We have developed a gene replacement system in human cells that allowed us to track Ect2 through cell division in live human cells (Figure 1). We found that Ect2 not only localises to the spindle midzone after anaphase onset (Figure 1, open arrowhead) but also accumulates at the equatorial plasma membrane (Figure 1, filled arrowhead) during cytokinesis in live cells. We discovered that a pleckstrin homology (PH) domain and a polybasic cluster (PBC) within Ect2 cooperate to target the protein to the plasma membrane (Figure 2). Importantly, we could demonstrate that guanine nucleotide exchange activity and membrane targeting are two separable but essential properties of Ect2 during formation of the cytokinetic furrow. Ect2 alleles lacking guanine nucleotide exchange function are unable to activate RhoA despite accumulating at the equatorial membrane. Conversely, Ect2 alleles lacking the ability to interact with the membrane are unable to locally activate RhoA at the equatorial membrane despite retaining exchange activity in vitro. Membrane localisation of Ect2 is spatially confined to the equator by centralspindlin, Ect2’s spindle midzone anchor complex, and is temporally coordinated with chromosome segregation through the activation state of CDK1 (Figure 2).

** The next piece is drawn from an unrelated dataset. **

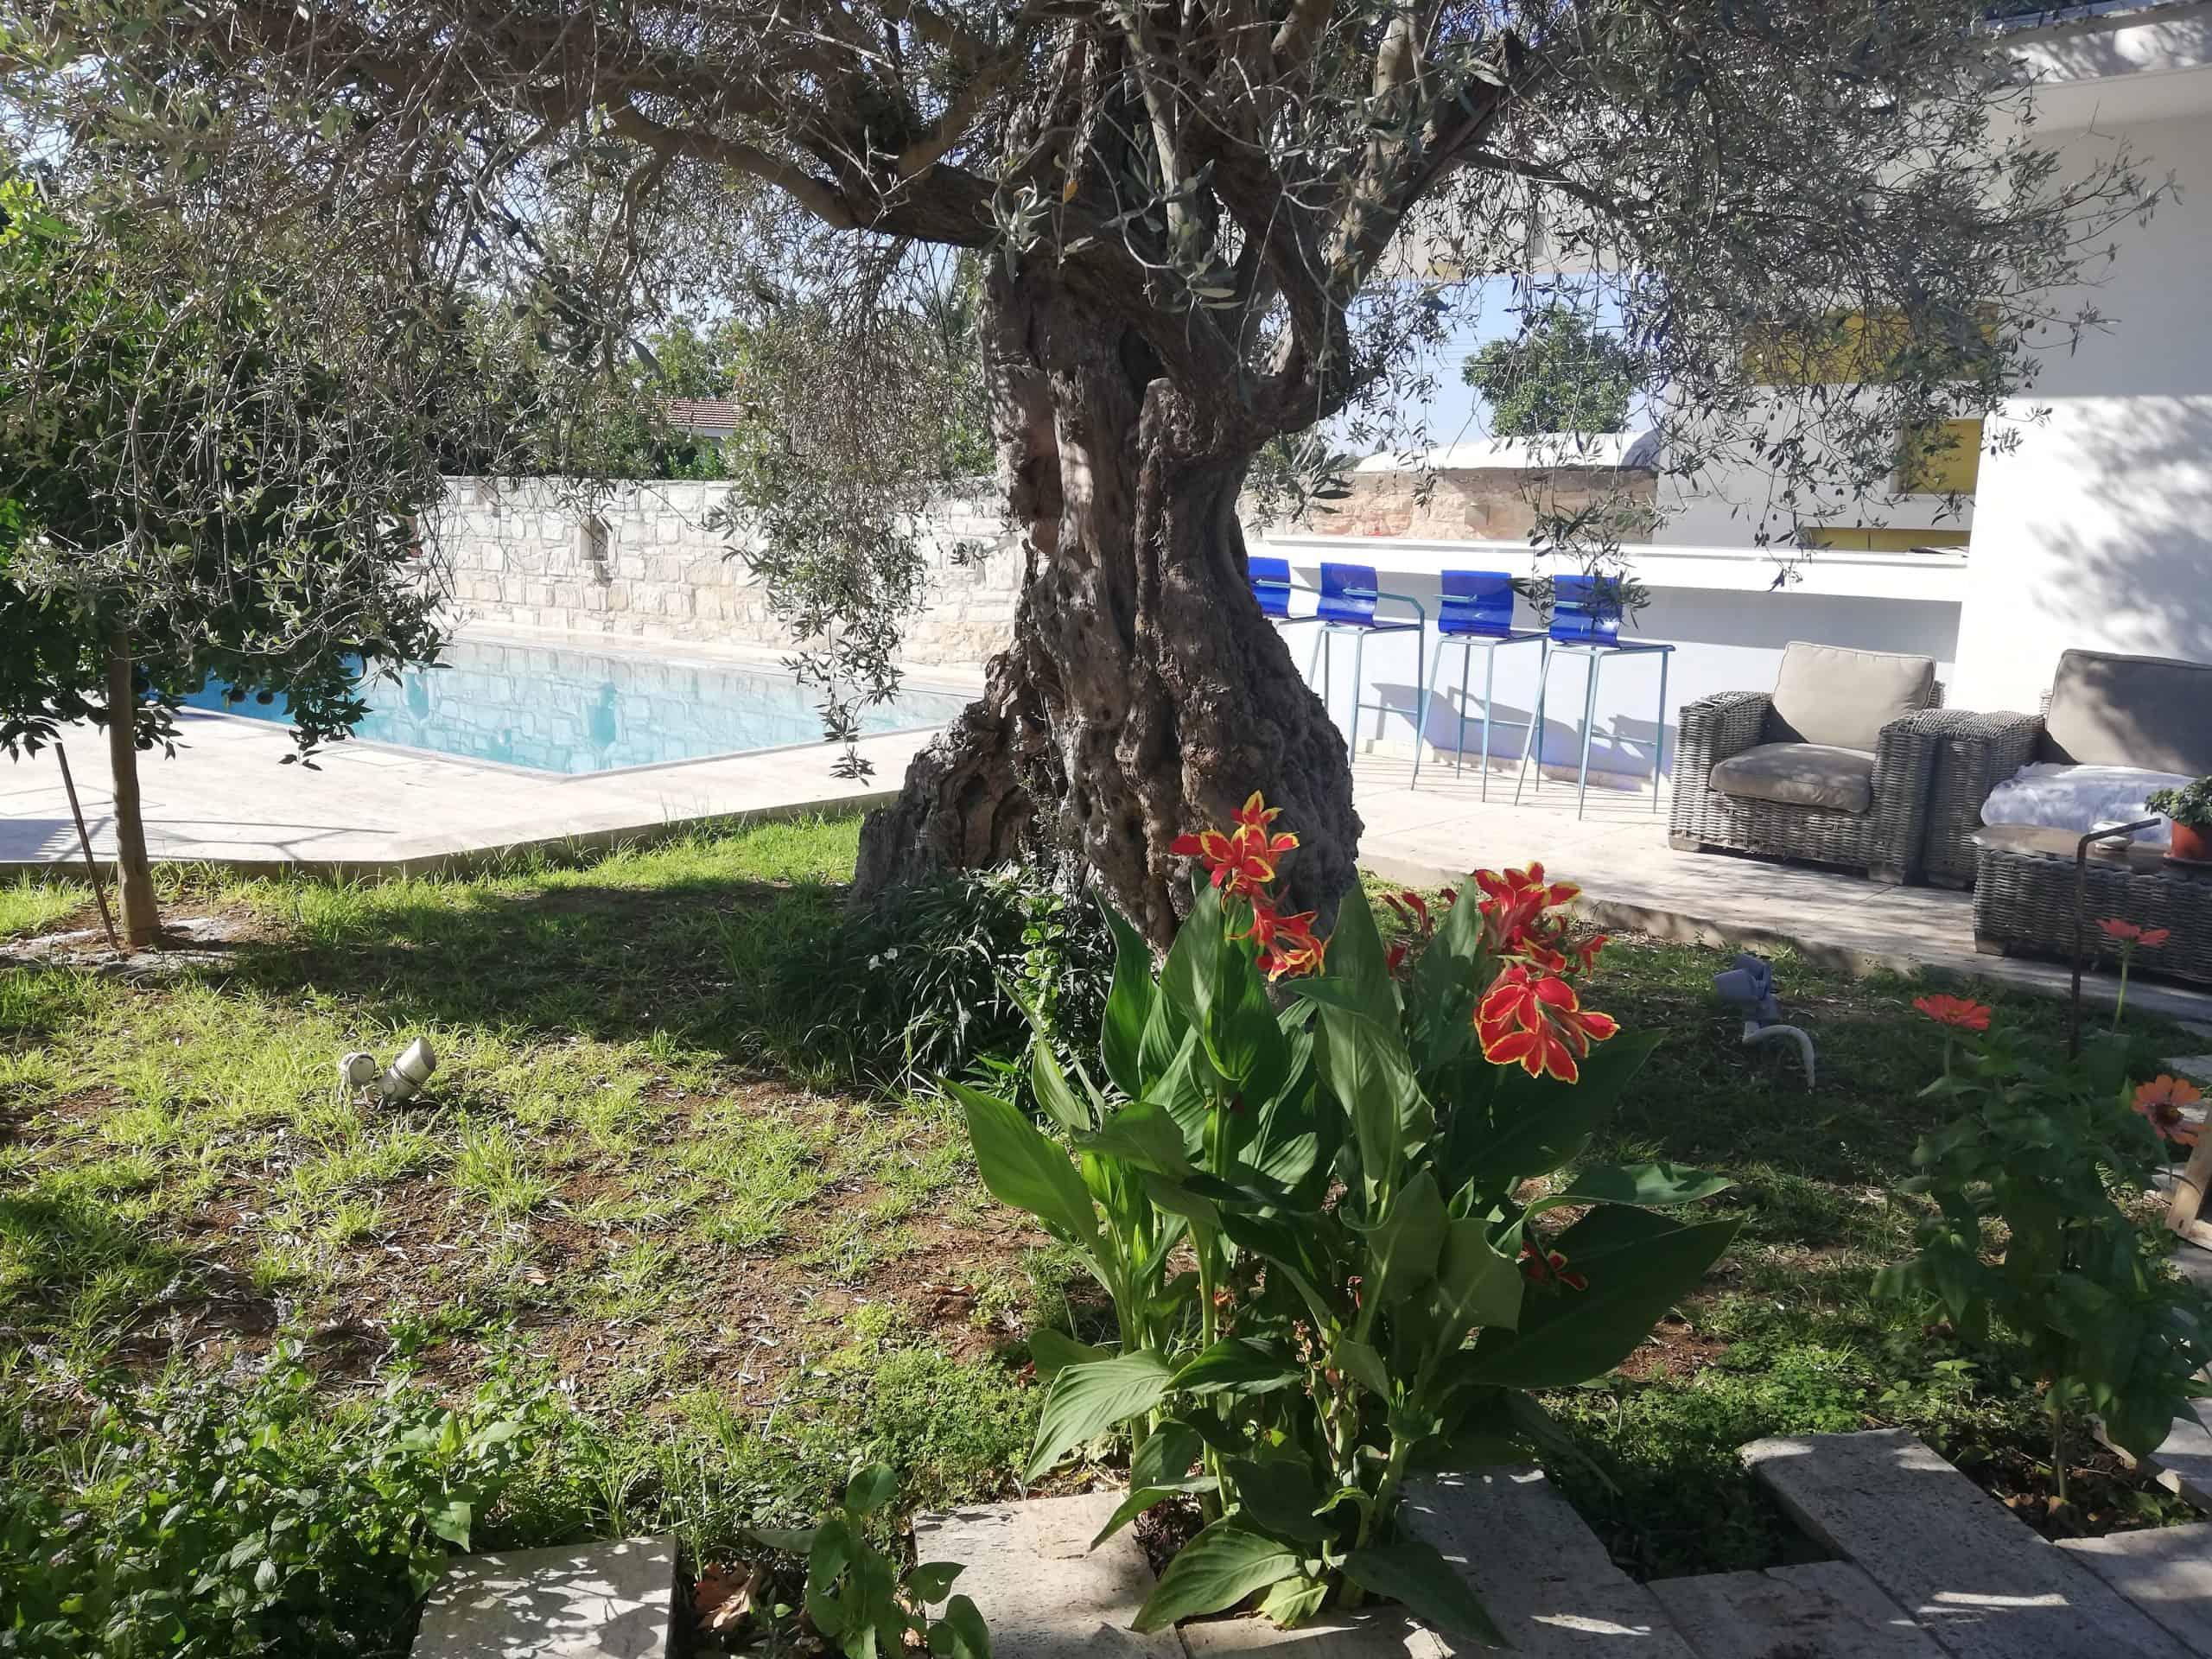 Kaizer Cyprus Agrotourism - IMG 20190821 085913 1 scaled

Our analysis suggests that targeting of Ect2 to the equatorial membrane represents a key step in the delivery of the cytokinetic signal to the cortex (Figure 2) (Su et al., 2011;Developmental Cell. 21: 1104-1115). The spindle midzone might act as a spatial cue to break the isotropic localisation of Ect2 at the plasma membrane and to direct the protein to the equatorial cleavage plane.

We are currently focussing on the identification of the lipid species that are involved in the association of Ect2 with the plasma membrane during cytokinesis. Furthermore, we are dissecting the mechanism underlying the peripheral accumulation of Ect2 at the cell equator by using perturbation experiments and by tracking Ect2, and its dynamic behaviour at the spindle midzone and plasma membrane. Lastly, we are characterising a direct molecular link between the mitotic spindle and plasma membrane that we have recently identified and that could play a key role in the final abscission stage of cytokinesis.